Oct 9 2013
Oct 9 2013
Sometimes it’s great to switch up your snow sliding equipment. If you’re comfortable in one discipline, new gear can change the way you look at the mountain, as well as the people riding alongside you. I’m an alpine skier, and it’s just really comfortable for me—I can confidently descend whatever I need to. And as much as I love alpining, sometimes I miss that excitement that comes with learning a new skill every day…even every hour.
On Saturday, I decided to switch it up and slap on a pair of tele skis. And what better place to tele in Utah than Alta?

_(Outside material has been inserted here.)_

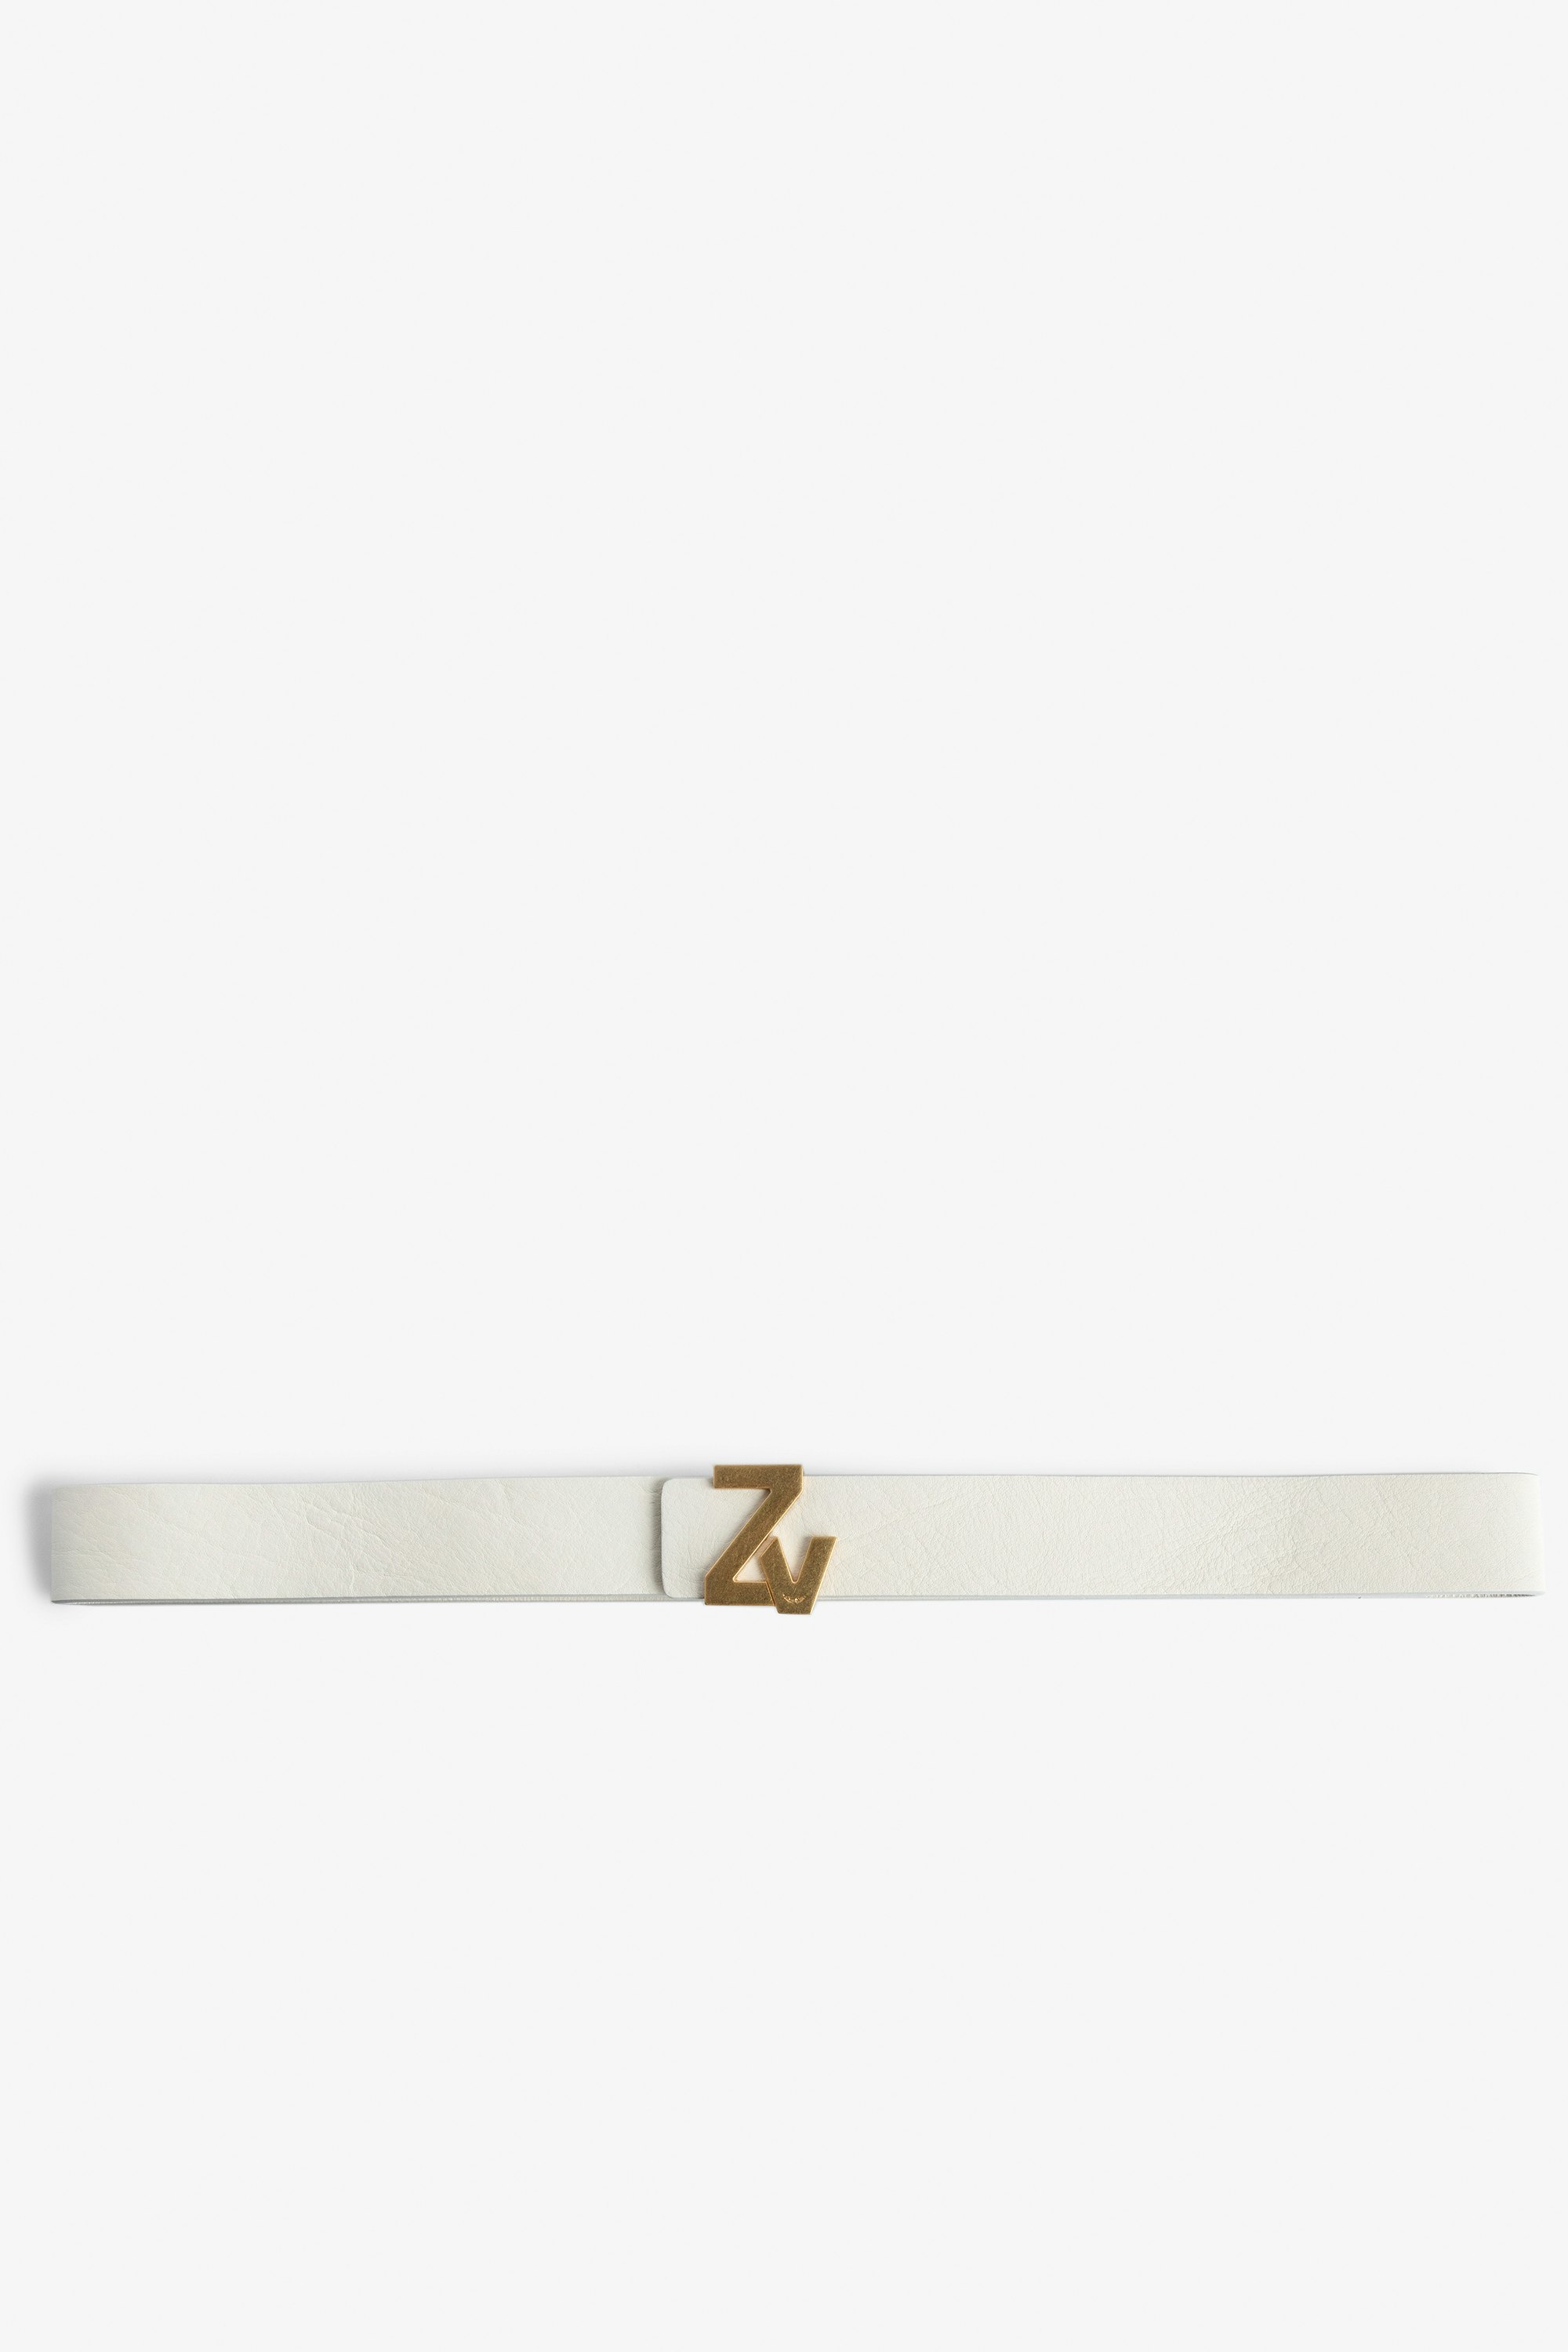 ZV Initiale La Belt Women's belt in ecru leather with gold-tone ZV buckle

The resort at the top of Little Cottonwood Canyon has long been a stronghold for the free-heel crowd. But throw out your old conceptions of dirty hippies, leather boots, and flimsy, skinny skis. Today’s telemark is defined by baggy pants, twin tips, burly four-buckle boots, and a wealth of young tele shredders. I might try to look the part, but trust me…I’m not one of them.
After a few warm-up runs to get my knees dropping properly on the groomers, I decided to head for some of my favorite runs like No Name and Stone Crusher out on West Rustler. I figured that’d be a good, steep spot but fairly smooth to ease my way into off-piste tele skiing.
What I didn’t factor in was the ski out the High T required to get there. The High T is a high-speed traverse chuck full of compressions, huge braking bumps, rocks, and other obstacles. On alpine gear, I just charge through, paying little attention to anything but how much speed I can carry. But with a free-heeled faceplant just one missed compression away, I was instantly slowed and realized what a challenge Alta can really be…and how much I’d been taking it for granted.
Throughout the day, I got more comfortable with the High T. West Rustler, however, completely kicked my butt. I wound up chickening out and making alpine turns down most of it. But by the end of the day, I was linking tele turns on its lower, gentler aspects. Later in Catherine’s Area, I even linked up some drop-knee turns in some generous powder leftovers. And despite one fully-committed, over-the-bars, tele head plant, I had a huge smile at the end of the day. Telemarking is still just another type of skiing, but it allows you to see the mountain in a whole new light. If you haven’t yet, give it a try!